America is in desperate need of a viable solution to the growing energy crisis. Nuclear power is just one way the country eases the strain. However, one major issue remains unresolved. What happens to the waste that occurs during the fueling process? As of right now, there are two solutions: storing or reprocessing. There are many risks associated with reprocessing. The major question is do these risks outweigh the benefits?
All power-generating processes produce waste. The nuclear power process is no different. This waste remains the primary unresolved issue for opponents of nuclear power. In order to understand this waste there must first be an understanding of the fueling process.
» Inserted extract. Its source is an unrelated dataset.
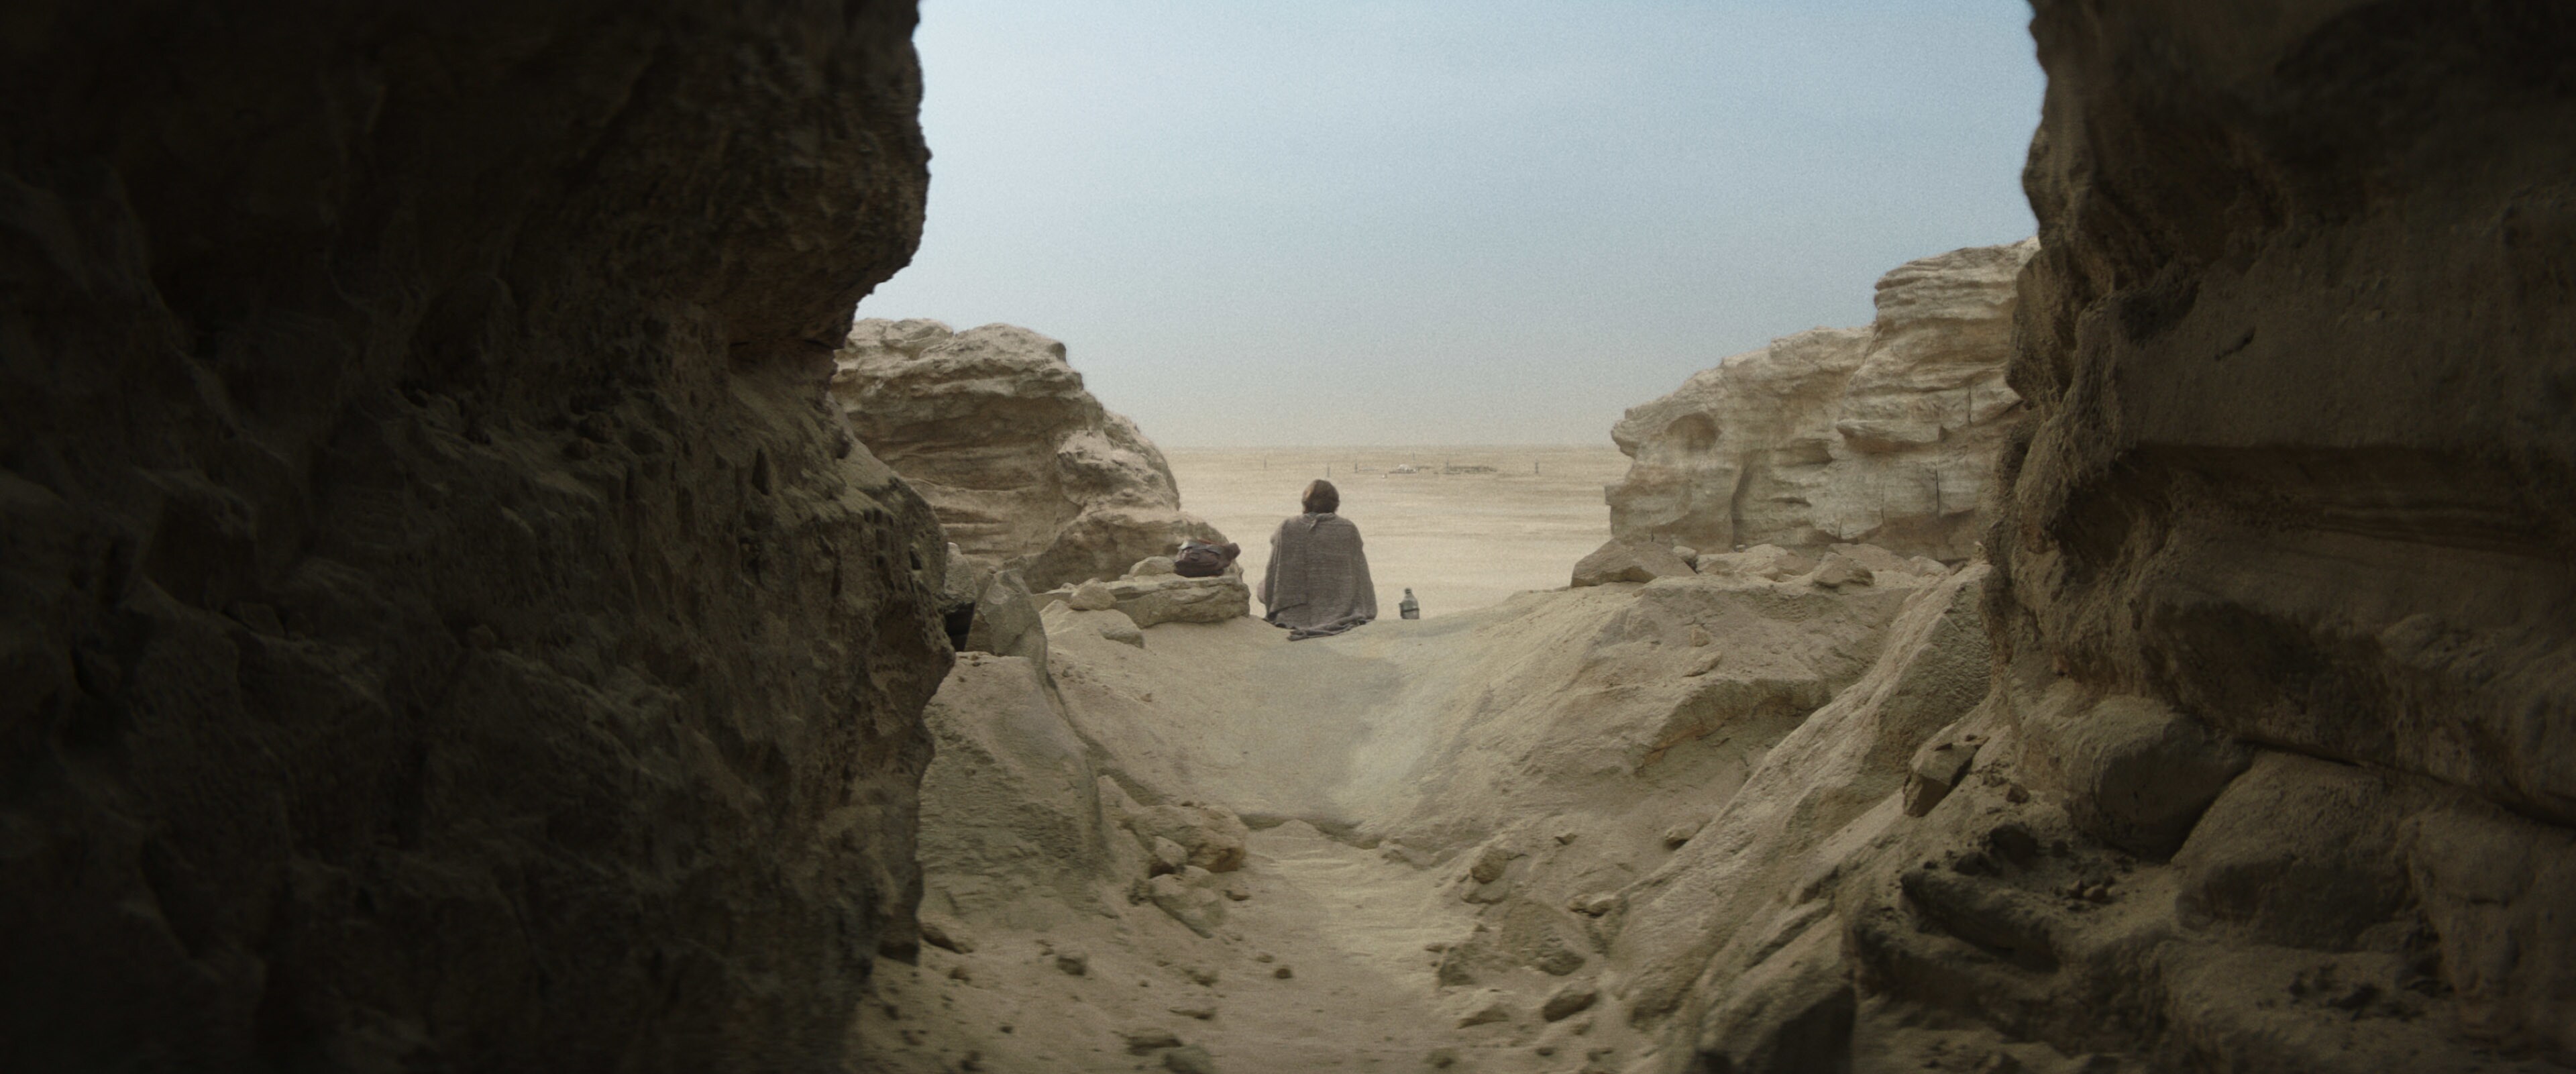 Obi-Wan Kenobi sits in a rock formation.
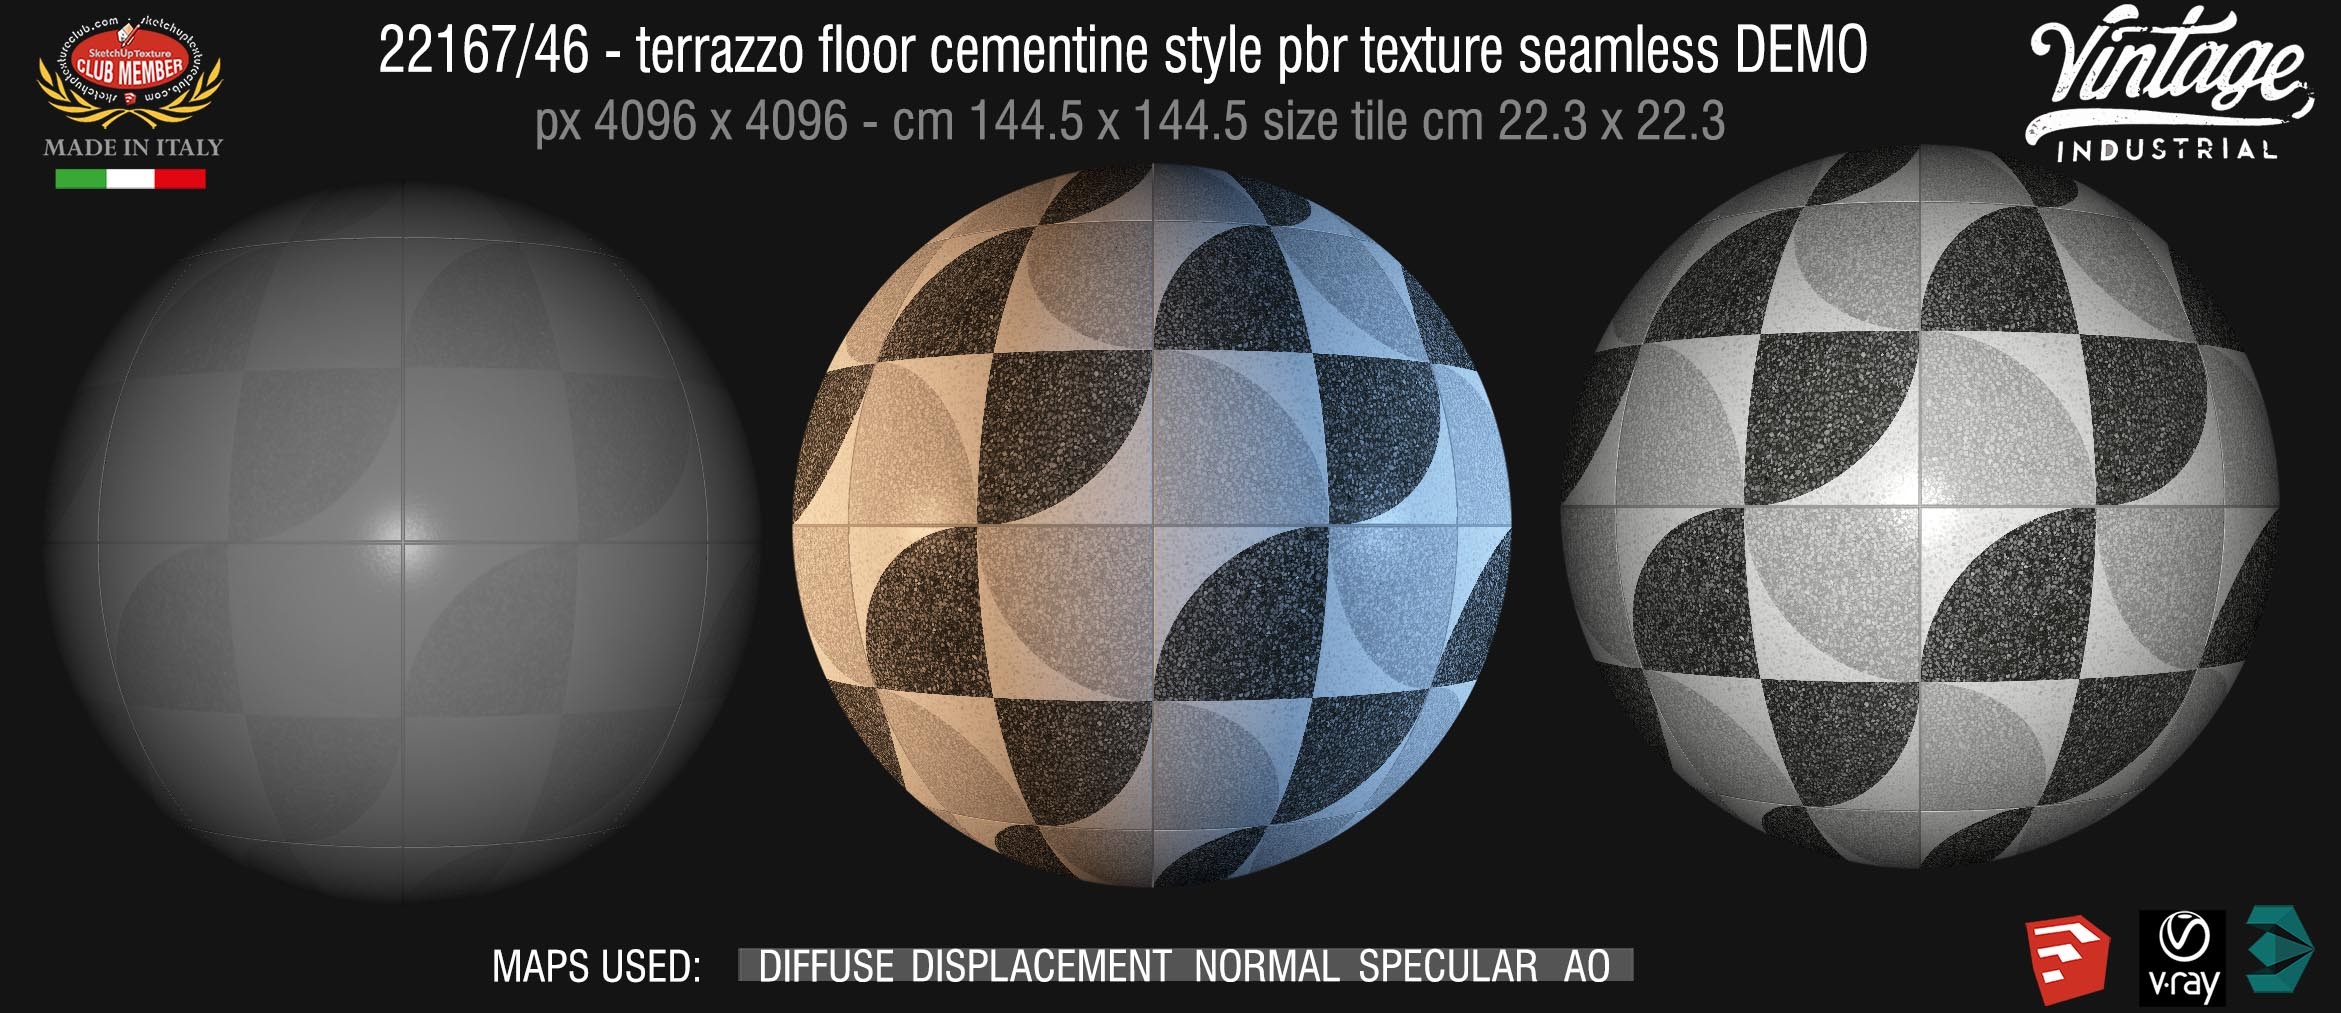 22167/46  terrazzo floor cementine style pbr texture seamless DEMO - A new range of micro-terrazzo tiles reminiscent of vintage cement tiles

William Tucker, one of the leading non-industry experts on nuclear power, states “A nuclear fuel rod is made up of two types of uranium: U-235, the fissionable isotope whose breakdown provides the energy; and U-238 which does not fission and serves basically as packing material” (2009). These rods, used for around five years, generate enough energy to power a city the size of San Francisco without causing any chemical transformations. Furthermore, no carbon-dioxide emissions occur during this process (Tucker, 2009). Once removed the remaining materials are stored until the next step in their journey is decided.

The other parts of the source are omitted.